Since I took my first New York City job nearly fifteen years ago, I have always been on the wrong side of financial history. My first job was in publishing house twenty-five years old, making twenty two thousand dollars a year. This was at the time when an enterprising college grad could make one hundred and fifty thousand at a nebulous place called Anderson Consulting. Still it was a lot of money to me at the time. I’d just arrived to New York from Santa Fe where I’d been living off about half that.  Plus, in New York, I got health insurance. It wasn’t that it was such a small salary; it was just that my income wasn’t subsidized. No fiancé, no wealthy boyfriend slipping me thousand dollar checks, no parents helping me out. I was on my own. After I’d moved to another company for the princely sum of twenty six thousand, I was once again on the wrong side of things: a majority of the other companies agreed to pay their employees no lower than thirty thousand. All the other companies, that is, except mine.

Even once I found my way to the dot-com world, which bumped my salary up considerably (my managing editor laughed when I told her how much I stood to make once I left her company, “You’ll make that in ten years, here.”) I found out that one of my co-workers, younger than me and with less experience had negotiated a much larger salary then I had. She clearly knew what was what. What had seemed like so much money to me was nothing compared to what my co-workers brought home. Money was flush in those dot-com years. It was the Sex and the City years of ten-dollar Cosmos and four hundred dollar Manolo Blahniks. But I didn’t know that. I couldn’t afford cable.

And then I got married. “It’s just as easy to love a rich man as a poor man,” my mother had told me, as everyone’s mother does.  And my husband was rich. At least, he was rich to me. When we went out to dinner, he picked up the check. For the first time in my adult life I discovered the appetizer menu. We’d married right away so that he could stay in the States and now there was always money in my bank account. No more scrounging around in the floor of my closets for subway money. Things were going well. After a move to Miami and back, we got a sweet deal on the top floor of a friend’s townhouse in the West Village. Our friend rented it to us for almost half its market value. This was after my son was born and I spent every good weather day avoiding the Sex and the City tour bus lines and peering into Marc Jacobs’ window on Bleecker as I made my way to Magnolia Bakery before crossing the street to the park. I loved my sun-filled apartment, and pushing my son in his MacLaren all around the city.

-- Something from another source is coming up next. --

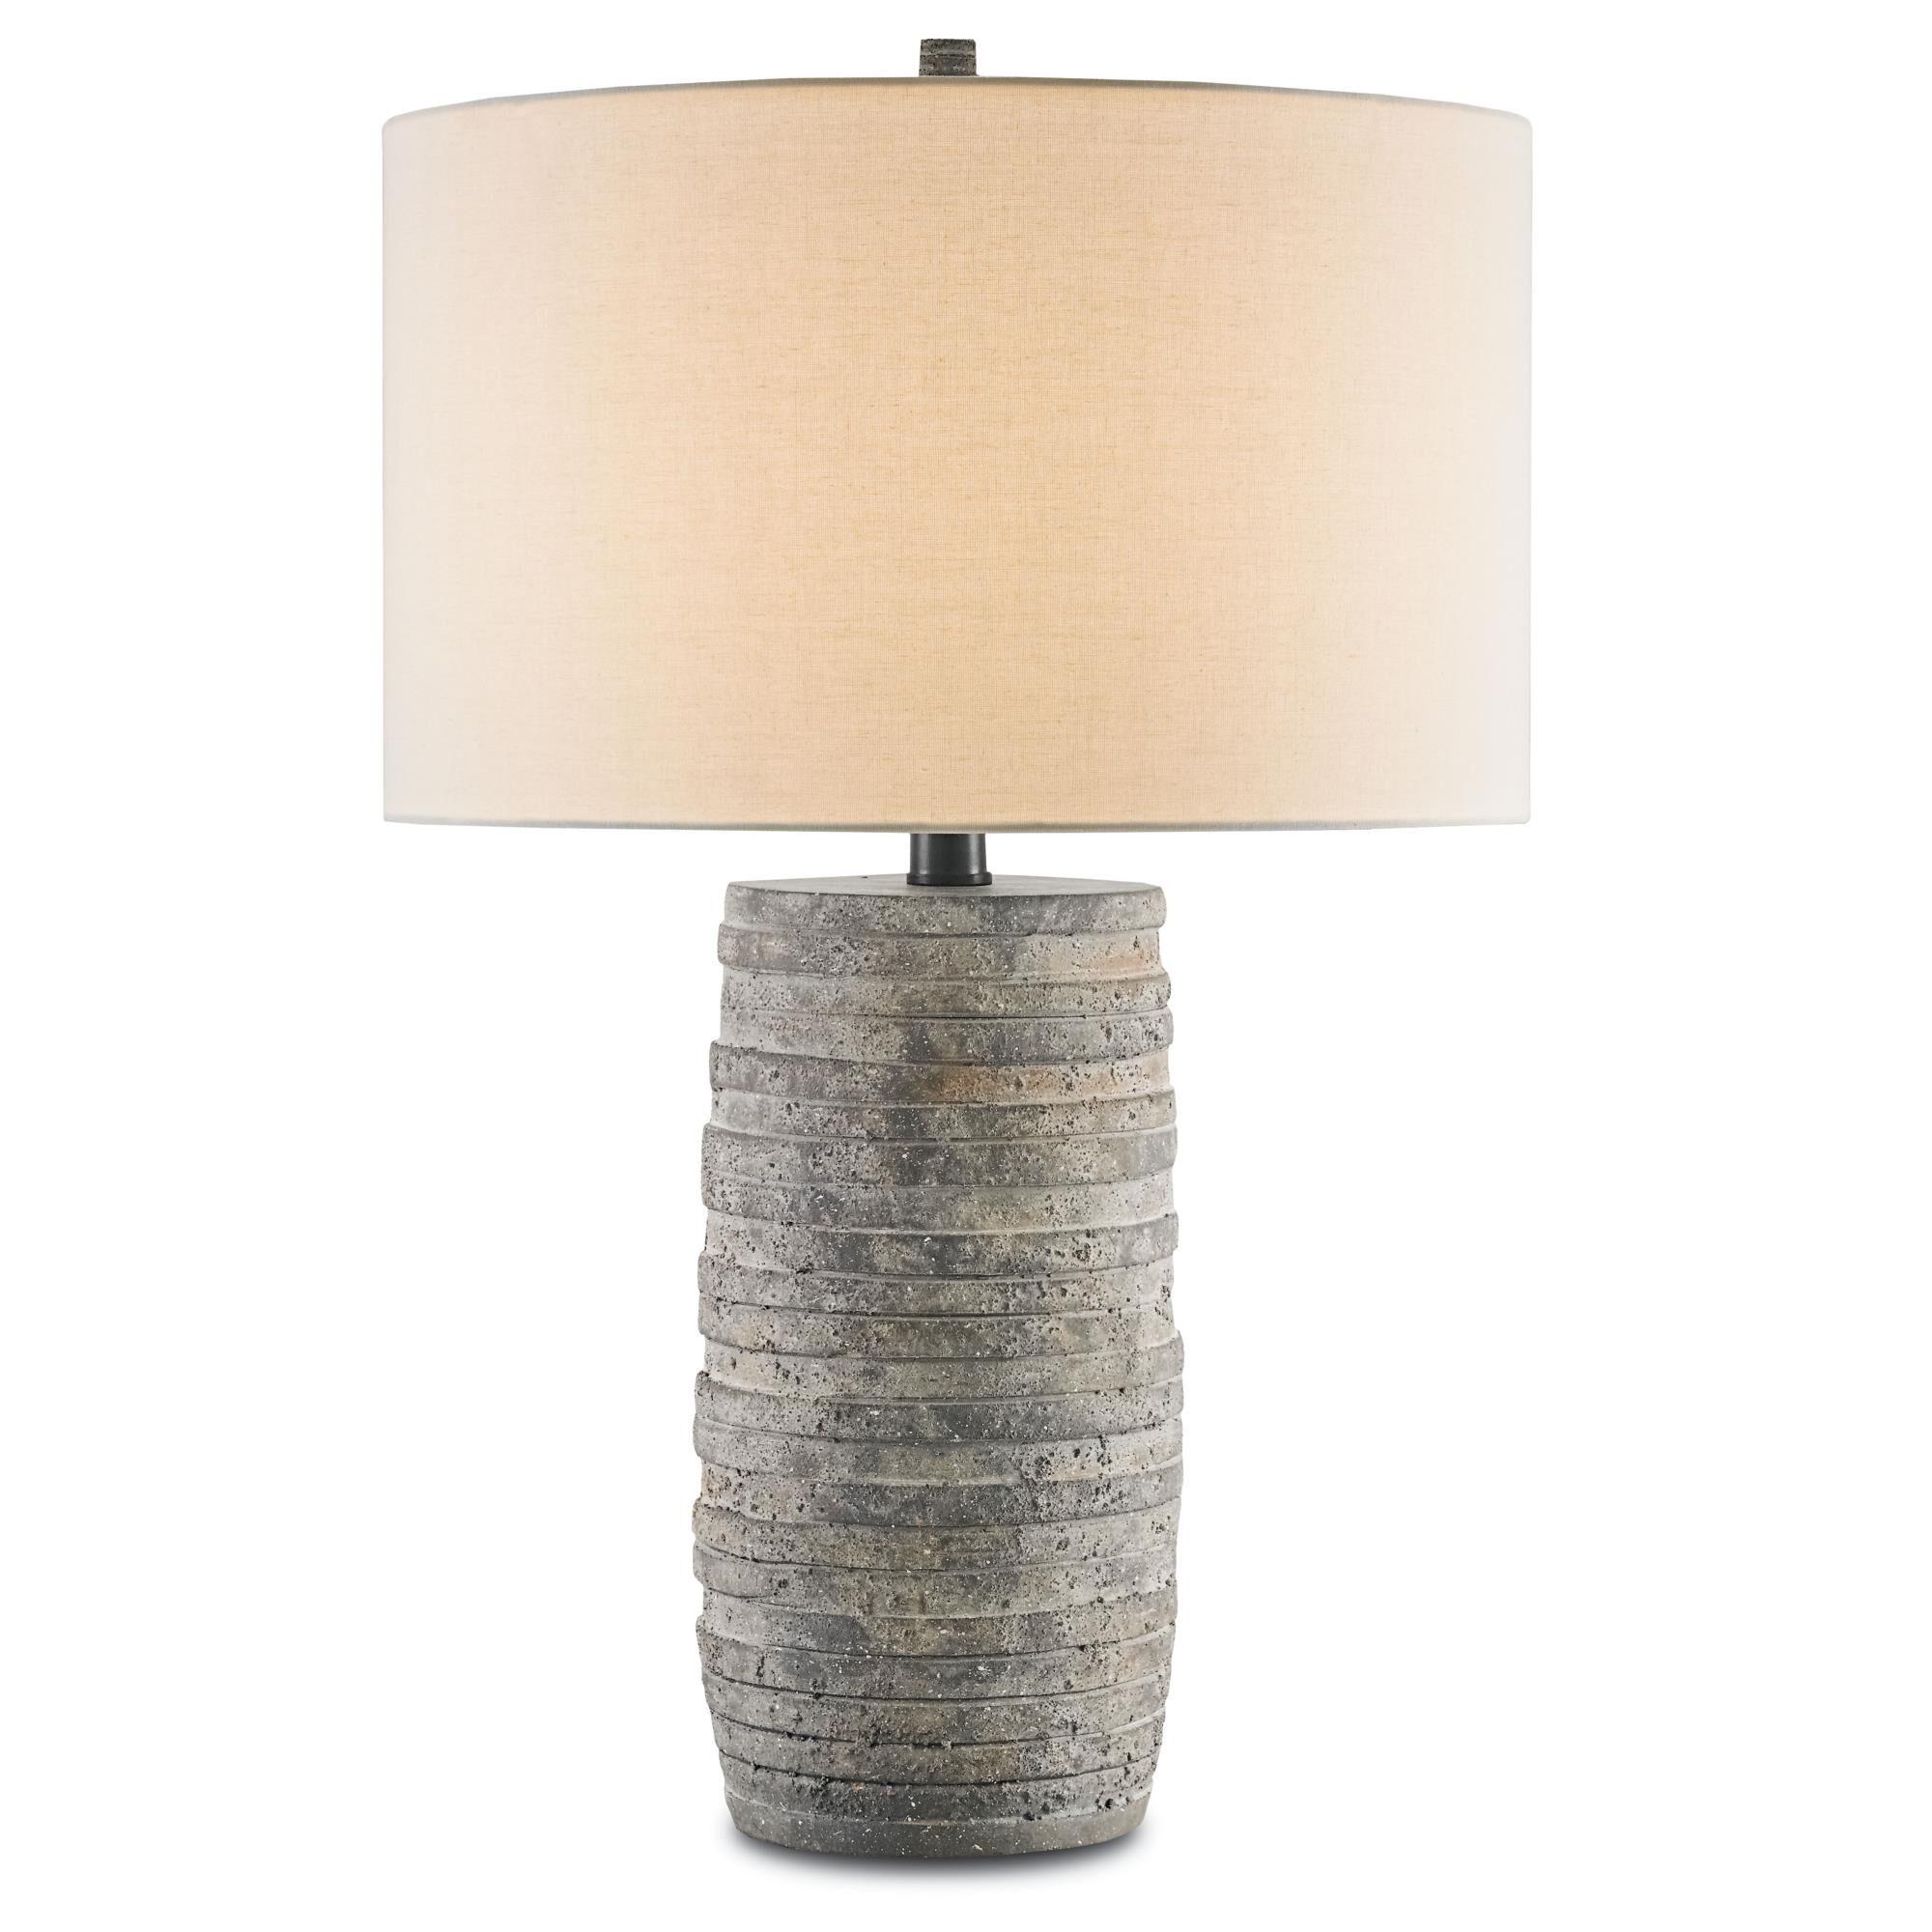 Innkeeper 30 Inch Table Lamp Capitol Lighting Table Lamp Rustic Table Lamps Table Lamp Design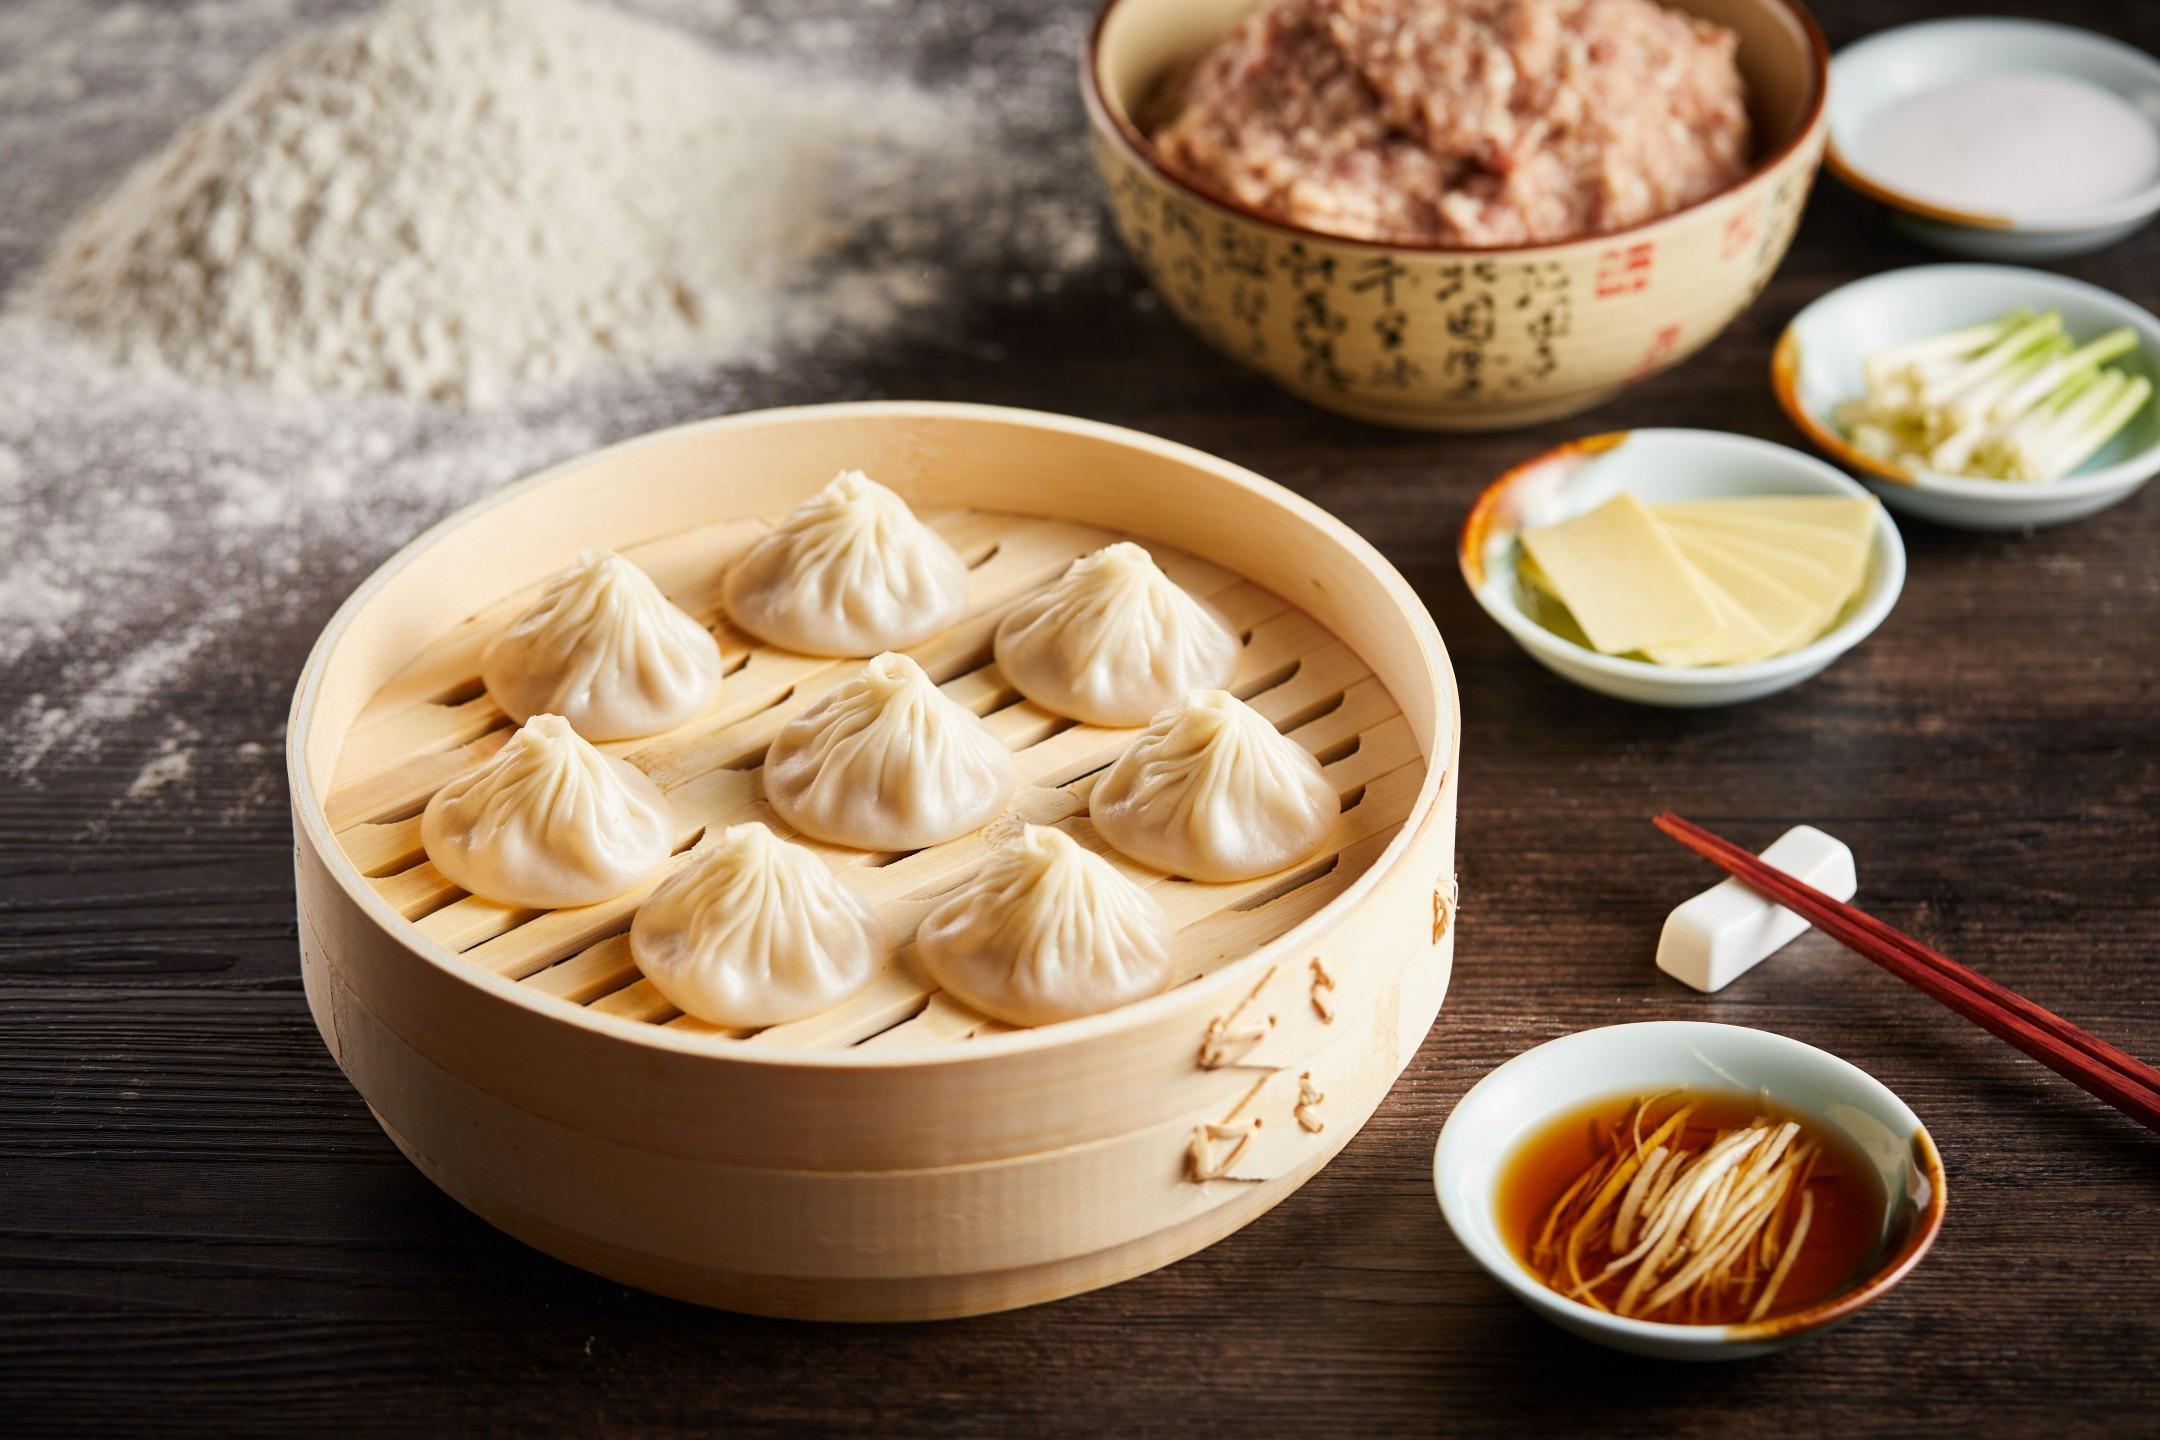 squarerooms-paradise-group-restaurants-dim-sum-food-photography-chinese-cuisine-table-set

It wasn’t dot-coms that everyone was getting rich off now, it was real estate and everyone was snapping it up. But given my history, I shouldn’t have been surprised when my husband announced that we were broke. Though our friends were making a mint buying Manhattan and Brooklyn apartments, or watching their Miami real estate double, we were in danger of serious debt. Our credit cards were high and there wasn’t enough income to pay our rent. Our friend offered to lower our rent from $2000 a month to $1500 but it was the six dollar boxes of cereal that were killing us. It was the diamond industry where my husband worked slowly losing steam. In a drastic move, we packed our things, stored them and off we were to the Israeli kibbutz where my husband grew up and his parents still lived. In Ayelet Hashahar we could rent a small apartment in an idyllic setting for $400 a month. Plus, my beloved mother-in-law provided free babysitting and a lot of meals. My husband traveled back and forth to the US where he worked as a diamond salesman while he looked for a better job.

Due to a green card glitch, we were back stateside. We decided on Bergen County, New Jersey, based on a lunch with friends at the Israeli-owned Café Angelique. It was the Hebrew music and borekas that made me feel like home, wherever that was. Rent was expensive, so a friend moved into our two bedroom flat in the rundown house in the middle of million dollar manses. We hardly noticed the houses around us. We were too busy working to pay off our debts. Our friend lived in the dining room. One day, shortly after we’d moved in we walked out to the street to our car. The next door neighbor who had two small kids my son’s age came out to greet us. She suggested a play date for the following week. Out walked my husband on one side of me, and out walked our roommate on the other. I never heard from or saw the woman again. It was too conservative a neighborhood for whatever she was imagining.

We bought almost nothing and ate most of our meals at home. I eschewed the expensive preschool and opted for a more affordable daycare close to home, which took loving care of my son while I went back to work. For a long time we had only one car. It took us two years to climb out of debt and for my husband to establish his new business.  Eventually we rented a big house, big enough for everyone.  We listened, nodding our heads, while everyone told us we must buy a house right away. Anyone could buy a house, our friends told us. We would hardly need to put any money down at all. But we’d already watched all our friends get rich in real estate over the years. We could wait a little longer until we knew where we really wanted to settle down.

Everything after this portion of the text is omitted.